The Guests

The vacation house wasn’t flashy—it was disturbingly perfect. Muted wood, glass, and stone gleamed with quiet elegance, a reminder of lives Karin and Kai could never quite measure up to.

At first, there was nothing to mock, nothing to laugh at—only the faint, prickling awareness that they were out of place.

Reluctantly, they accept the offer to borrow the luxurious house by the Oslofjord. What should have been a brief escape quickly becomes a game of appearances. When they meet the neighbors, a celebrated writer couple, Karin tells a small white lie — and one fib soon multiplies into another. Trapped in a spiral of polite deception and subtle social maneuvering, Karin and Kai must navigate the thin line between charm, ambition, and embarrassment, all while the house watches silently.

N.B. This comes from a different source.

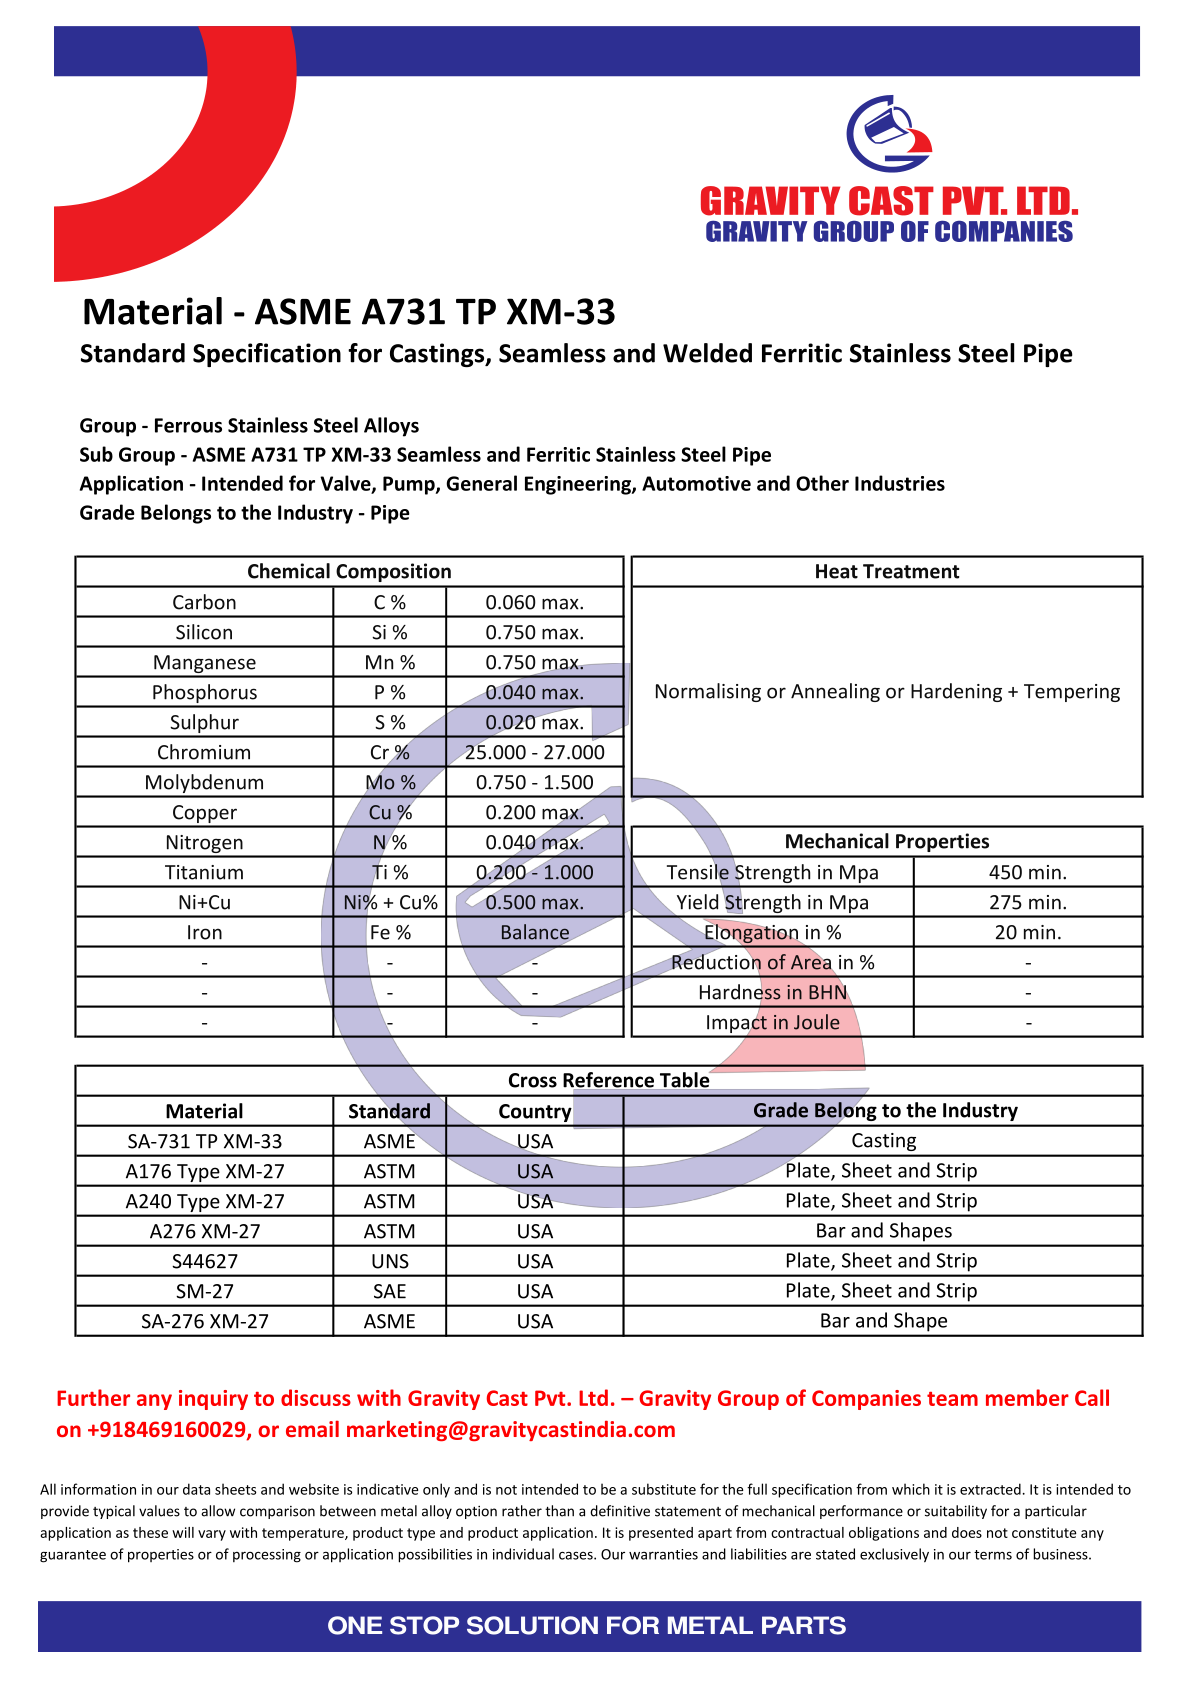 ASME A731 TP XM-33.pdf

It’s a well-crafted examination of the pressure to succeed and what success actually entails. … Ravatn cleverly capitalises on our innate self-doubt that our accomplishments are less than they appear. … The Guests is a thought-provoking read, and it’s possible that, like Karin’s life story, this is a story about the journey to something bigger, if not the finished product.

Nordic Watchlist, UK

Ravatn takes situation comedy to a whole other level. … And even if I believe that the truth will prevail, the lie is much more fun. The Guests made me laugh out loud.

Bok 365, Norway

… extremely witty and clever, both thought out and executed. The story, the characters, the time lapses, everything fits perfectly.

Adresseavisen

Hilarious and spine-tingeling about human frailty.

Dagbladet

There’s prime Nordic noir from Agnes Ravatn, whose The Guests boasts a satisfying vein of psychological intensity. The beleaguered Karin is a strongly drawn character, and this is an economically written study of burgeoning paranoia.